Paris Hilton says that being in lockup for a few weeks was traumatic. I think being shot at in Iraq would be traumatic — not taking a little time off from having every whim satisfied on a whim. Nonetheless, different folks have different levels of trauma-handling ability. She apparently reached hers. (The lovely Paris was sent to jail for driving on a suspended license following a DUI charge. And good for that judge.)
The fact that Paris Hilton takes herself seriously — she once spoke of "retiring" (and I wondered: "From what?") — is not what's offensive. Socialites have been doing that for decades, I suppose.
What offends me is that anybody, sometimes it seems everybody, takes her — and, for that matter, her "sisters," Britney Spears and Lindsay Lohan — seriously to the point of obsession.
And so while the young heiress whose claim to acting fame comes from starring in a TV reality show about herself — her real claim to fame is accidentally starring in an Internet sex video — was in jail, we regularly heard about her schedule, her meals, her outbursts. Just before her sentence of some 23 days was up, one headline read: "The World Awaits Paris' Release."

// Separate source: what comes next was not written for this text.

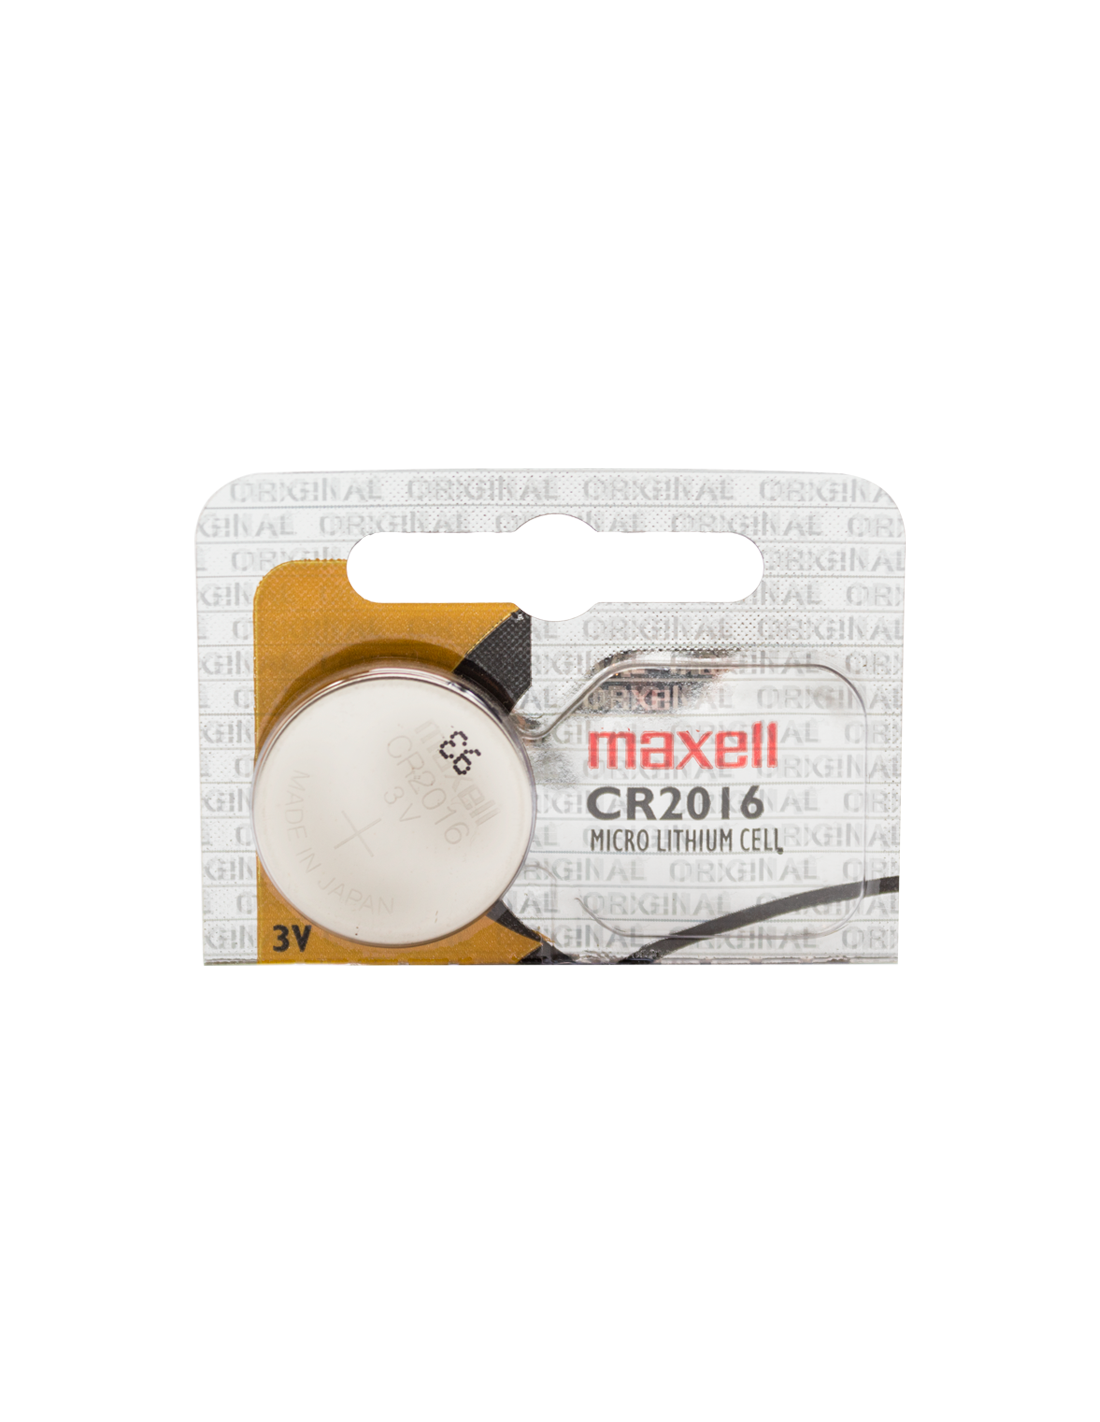 PILA CR2016 MAXELL – Ctronic Security C.A

Please tell me the World has better things to wait for.
Then she got a prime spot on CNN's "Larry King Live" this week. Or rather, King got her for a scripted interview. In the world of media, Paris Hilton, especially Paris Hilton right after jail, is what's known as a huge "get."
Thanks to media saturation and the Internet, we can see every (ugly) detail of a celebrity's life. In particular, gone are the days when Tiger Beat ruled magazine picks of young girls (and we read upbeat stories of our favorite young crushes). Now it's Paris in jail and Lindsay passed out and drooling in a car, almost in real time. Surely at least some young girls are thinking, "Wow — you can act like that and be rich and famous and have fans? Note to self ..."

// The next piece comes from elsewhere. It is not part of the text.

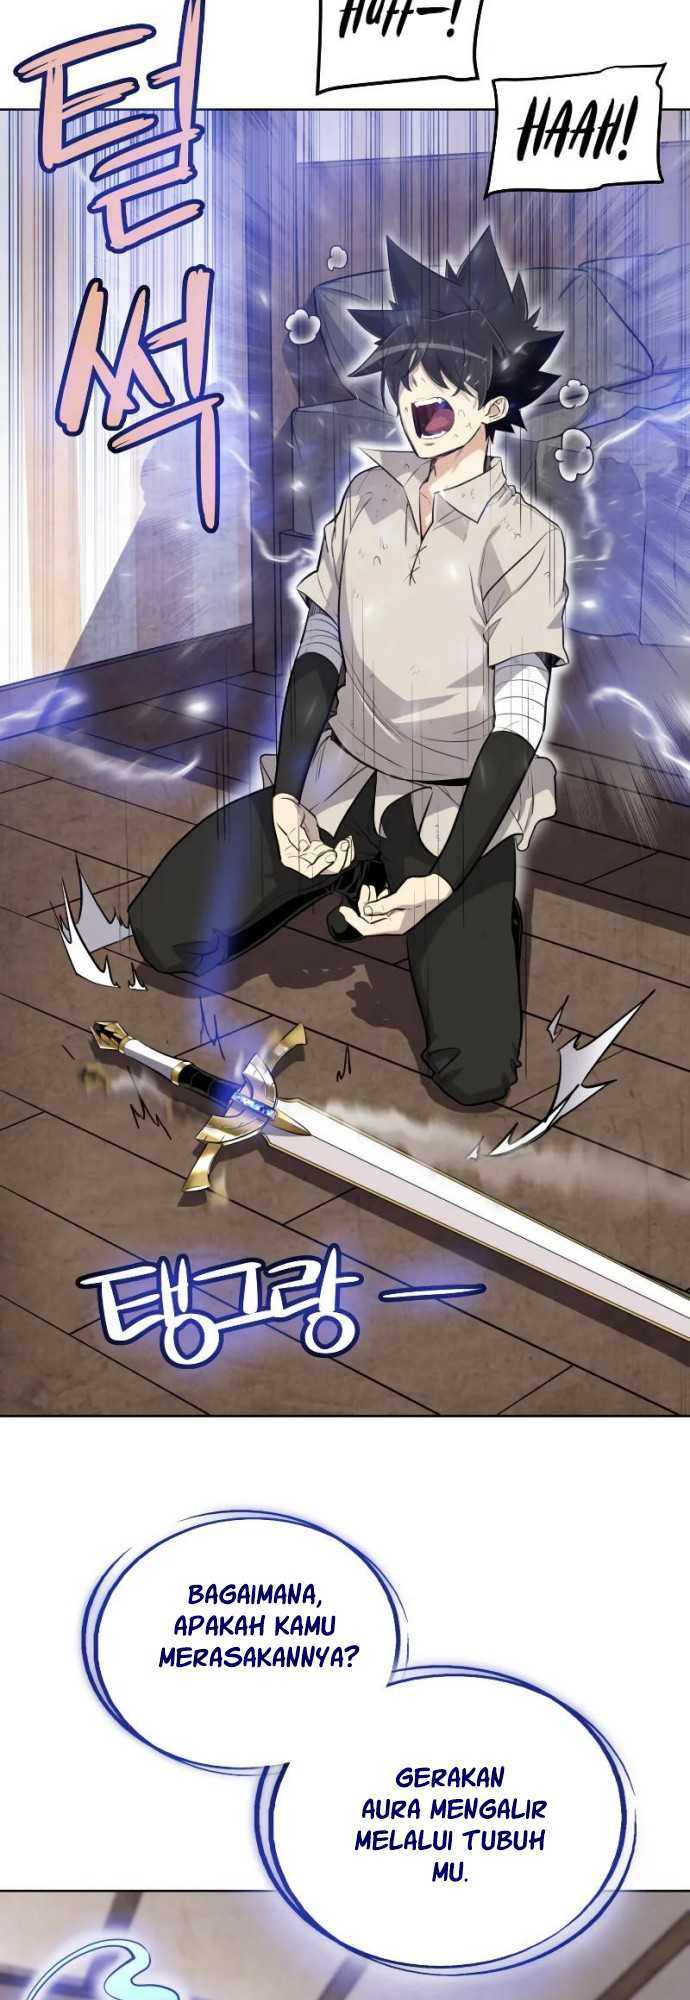 Overpowered Sword Chapter 24

Society has always been obsessed with celebrity and celebrity shallowness; now this is all just easier to get ahold of. In that sense, the Internet gossip sprees are not unlike pornography. The latter has always been there. But when I was growing up, a teenager might get ahold of a Playboy magazine and it had to last the entire neighborhood of high-school boys about two years. Today with the Internet, the floodgates have opened and it's 24/7.
In an earlier age when the gossip rags had limited pages and television limited channels and news minutes, Paris, who can't sing or act, might not have made it onto them as easily. Now, the almost infinite media of television and the Internet are aching for content. And she and her cohorts provide it, well, 24/7.
That's when you realize more than ever that, as a parent, society can't do our job for us. I don't try to use Paris Hilton as an object lesson, or at least I don't stop there. This isn't really about her. In fact, she might have some really positive qualities — we just would never hear about them in today's media world. That's the point: The Paris Hilton coverage is more than anything else a symptom of the problem that our culture values, or at least is obsessed with, the wrong things, and those wrong things are more available than ever.
I want my girls — and my son — to value what matters. I want them to value excellence in any good thing, including the entertainment world. But most of all, I want them to value excellence in character. News flash: I can't let a world defined by Paris Hilton change what's true for the "world" of my children and me. A world obsessed with her may make my job harder. But it is still ultimately up to me, no matter how the culture is raising up Paris and her friends, to raise my kids to stand up to the world and think through making wise value judgments on their own.